(Source records)

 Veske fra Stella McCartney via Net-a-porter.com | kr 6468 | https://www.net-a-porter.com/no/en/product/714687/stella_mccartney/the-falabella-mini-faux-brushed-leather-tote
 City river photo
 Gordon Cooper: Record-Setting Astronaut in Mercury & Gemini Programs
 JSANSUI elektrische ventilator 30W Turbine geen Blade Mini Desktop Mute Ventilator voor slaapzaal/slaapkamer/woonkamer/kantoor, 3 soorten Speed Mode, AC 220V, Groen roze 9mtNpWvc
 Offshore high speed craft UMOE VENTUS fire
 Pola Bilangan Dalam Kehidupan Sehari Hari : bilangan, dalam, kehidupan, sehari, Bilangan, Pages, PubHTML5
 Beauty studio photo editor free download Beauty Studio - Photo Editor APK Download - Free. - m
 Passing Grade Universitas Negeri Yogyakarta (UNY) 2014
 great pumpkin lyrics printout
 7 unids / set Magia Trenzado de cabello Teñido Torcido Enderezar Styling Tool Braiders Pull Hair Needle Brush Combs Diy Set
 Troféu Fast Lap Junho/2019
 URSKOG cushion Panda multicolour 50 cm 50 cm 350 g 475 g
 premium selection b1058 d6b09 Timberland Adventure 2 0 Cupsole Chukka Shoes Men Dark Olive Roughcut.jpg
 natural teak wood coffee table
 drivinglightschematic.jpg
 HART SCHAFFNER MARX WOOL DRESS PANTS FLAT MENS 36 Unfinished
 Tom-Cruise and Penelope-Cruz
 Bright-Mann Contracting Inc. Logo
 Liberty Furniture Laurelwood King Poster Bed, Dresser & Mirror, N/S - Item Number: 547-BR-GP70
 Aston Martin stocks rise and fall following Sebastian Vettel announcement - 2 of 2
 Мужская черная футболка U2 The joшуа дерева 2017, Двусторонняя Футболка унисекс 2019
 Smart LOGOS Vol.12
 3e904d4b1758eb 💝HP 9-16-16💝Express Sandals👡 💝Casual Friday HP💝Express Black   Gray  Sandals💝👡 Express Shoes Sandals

WHAT IS EXPECTED:
Find every line in the entries that includes the word "Shoes", then state how many there are and nothing else.

ANSWER BOX:
2